The Initiation of Miranda

That same day, just after noon-meat, when Miranda had gone out with the scraps in a yellow bowl to feed the hens, Kirstie had been taken with what the people at the Settlement would have called “a turn.” All the morning she had felt unusually oppressed by the heat, but had thought little of it. Now, as she was wiping the dishes, she quite unaccountably dropped one of them on the floor. The crash aroused her. She saw with a pang that it was Miranda’s little plate of many colours. Then things turned black about her. She just managed to reel across to the bunk, and straightway fell upon it in a kind of faint. From this state she passed into a heavy sleep, which lasted for several hours, and probably saved her from some violent sickness.

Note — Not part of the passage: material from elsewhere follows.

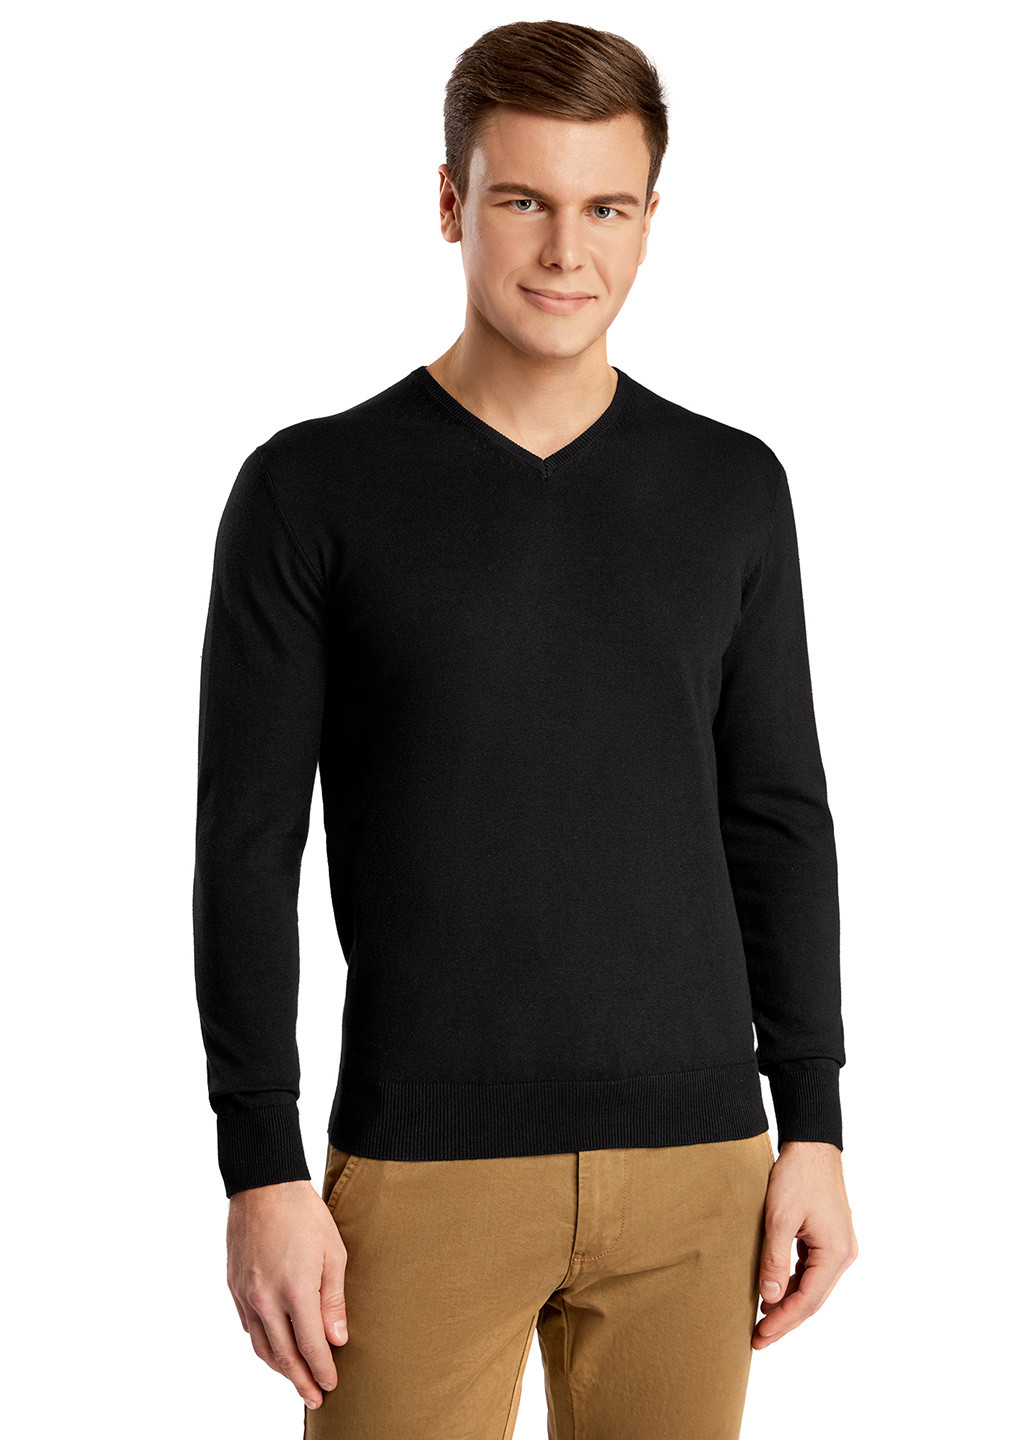 Черный демисезонный пуловер пуловер Oodji

When Miranda had fed the hens she did not go straight back to her mother. Instead, she wandered off toward the edge of the dark firwood, where it came down close behind the cabin. The broad light of the open fields, now green with buckwheat, threw a living illumination far in among the cool arcades.

Between the straight grey trunks Miranda’s clear eyes saw something move.

She liked it very much indeed. It looked to her extremely like a cat, only larger than any cat she had seen at the Settlement, taller on its legs, and with a queer, thick stump of a tail. In fact, it was a cat, the brown cat, or lesser lynx. Its coat was a red brown, finely mottled with a paler shade. It had straight brushes of bristles on the tips of its ears, like its big cousin, the Canada lynx, only much less conspicuous than his; and the expression on the moonlike round of its face was both fierce and shy. But it was a cat, plainly enough; and Miranda’s heart went out to it, as it sat up there in the shadows, watching her steadily with wide pale eyes.